Sophos has added a zero-trust network access solution to its growing secure access product family.
Called Sophos ZTNA and available now, the new product works in combination with the vendor’s Intercept X product to provide endpoint protection and network access control through a single agent. According to Sophos, those systems are currently the only ones on the market to cooperate in that manner.
“People, applications, devices, and data aren’t constrained to offices anymore—they’re everywhere, and we need more modern ways to secure them,” said Joe Levy, chief technology and product officer at Sophos, in a media statement. “Zero trust is a very effective cybersecurity principle, and ZTNA embodies it in a practical, easy to use way, ensuring that users have secure access to only the resources that they need.”
The new system also provides better network protection than remote desktops, IPsec, and SSL-VPN, all of which rely solely on encryption, Levy says. “We see attackers increasingly exploiting these limitations, stuffing credentials into RDP and VPNs to gain access to victim networks, and then moving freely once inside, all too often culminating in costly data theft and ransomware incidents.”
Separately today, Sophos published research on a new ransomware variant called Midas that capitalized on limited access controls and weak application and network segmentation to go undetected in an unnamed technology vendor’s environment for nearly two months.
“In a ZTNA configuration, properly configured access controls might have prevented the attackers from being able to leverage one compromised server against another, disallowing the hypervisors from interacting with one another and/or using one another as resources,” the report says.
According to Sophos, the integration between its ZTNA solution and Intercept X, which itself integrates with the extended detection and response system Sophos introduced last May, the vendor’s Managed Threat Response service, and other offerings, allows the new product to ease multi-vendor management burdens by collaborating with the entire Sophos security portfolio.
The system also shares real-time threat intelligence with third-party participants in the Sophos Adaptive Cybersecurity Ecosystem, an architecture also introduced last year that lets security vendors share telemetry from their products.
“The future of work will be hybrid, making it imperative that organizations are able to protect remote workers, remote data and remote applications,” said Christopher Rodriguez, research director for network security products at IDC, in prepared remarks. “By integrating ZTNA with endpoint protection, Sophos ZTNA enables risk-appropriate access to resources from any device, at any time and from any location.
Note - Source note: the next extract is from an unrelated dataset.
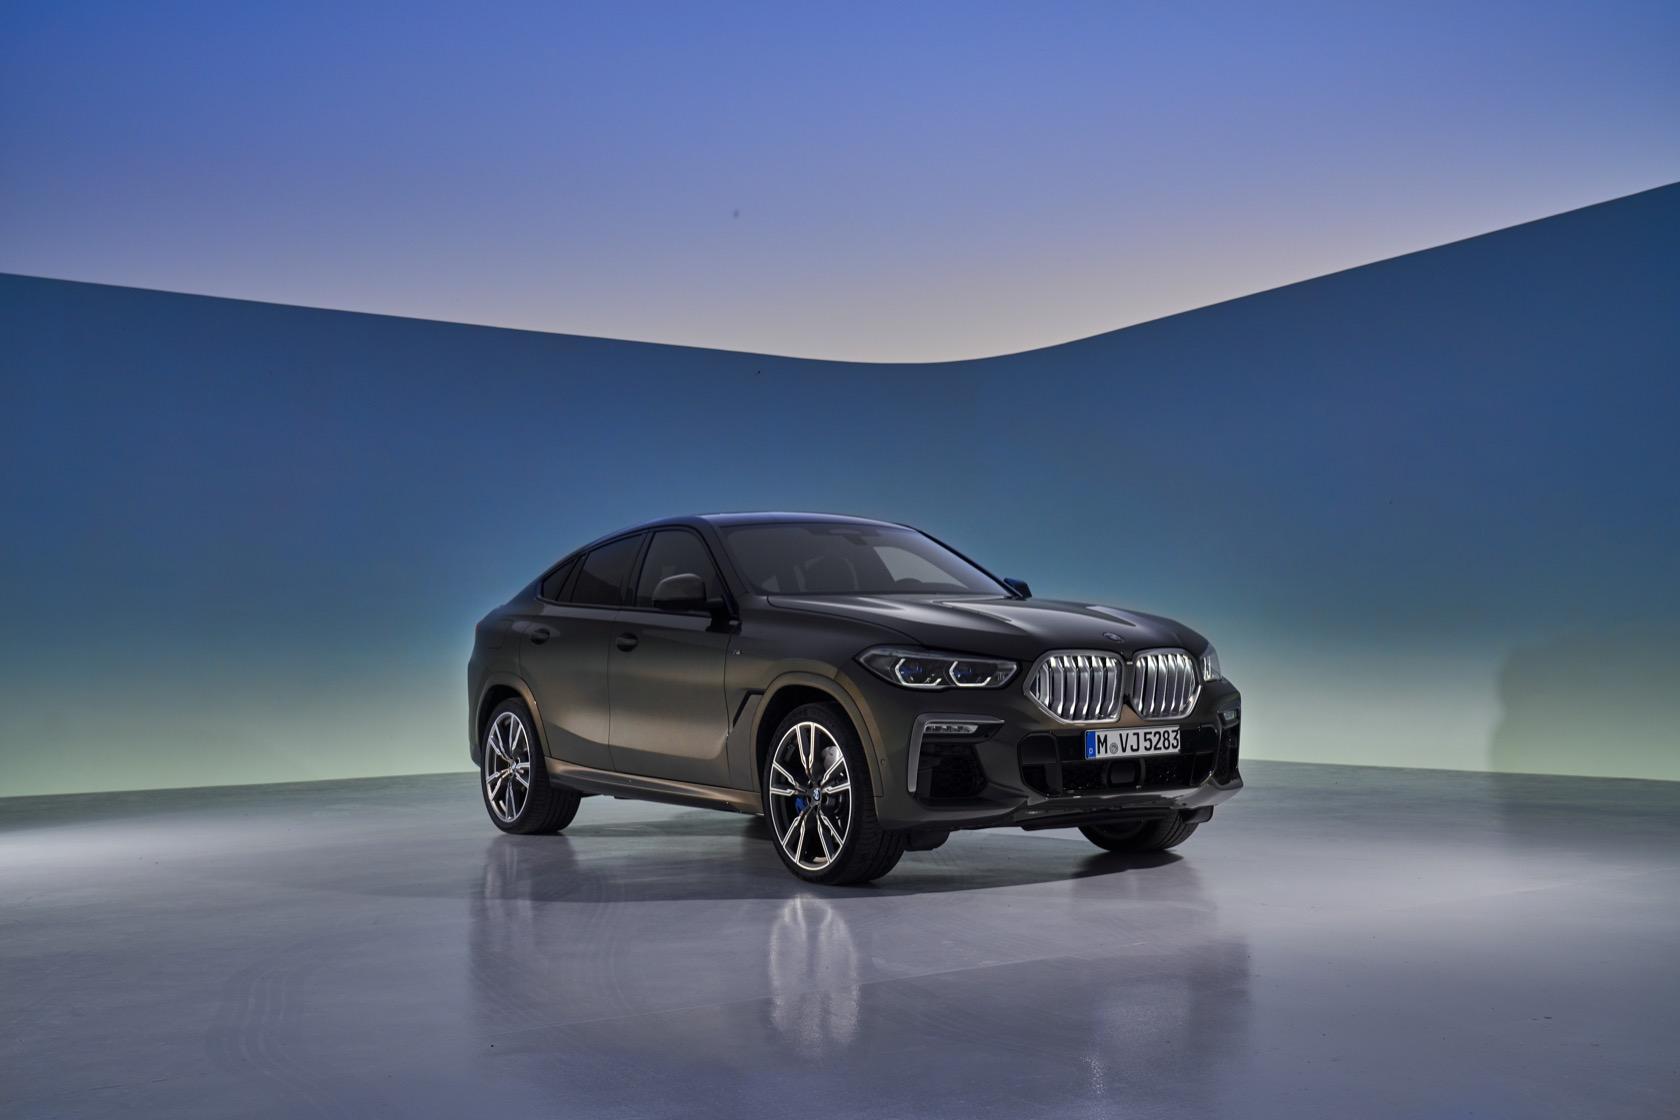 All Wheel Drive Cars List >> 2020 BMW X6 Gallery - SlashGear

Trust is a key factor in business today—one that requires critical security controls to protect against business-impacting events, such as ransomware and data compromise.”
According to fellow analyst Gartner, a zero-trust network access product “creates an identity- and context-based, logical access boundary around an application or set of applications,” hiding them from discovery and allowing access only to a restricted set of named entities. “This removes application assets from public visibility and significantly reduces the surface area for attack,” Gartner says.
Leaders in the ZTNA market include AppGate, Palo Alto Networks, VMware, and Zscaler. Fortinet, ThreatLocker, and Trend Micro all have zero-trust access offerings of their own.
Sophos ZTNA is the second addition to the vendor’s secure access product line this month. The company rolled out a first-ever set of network switches two weeks ago.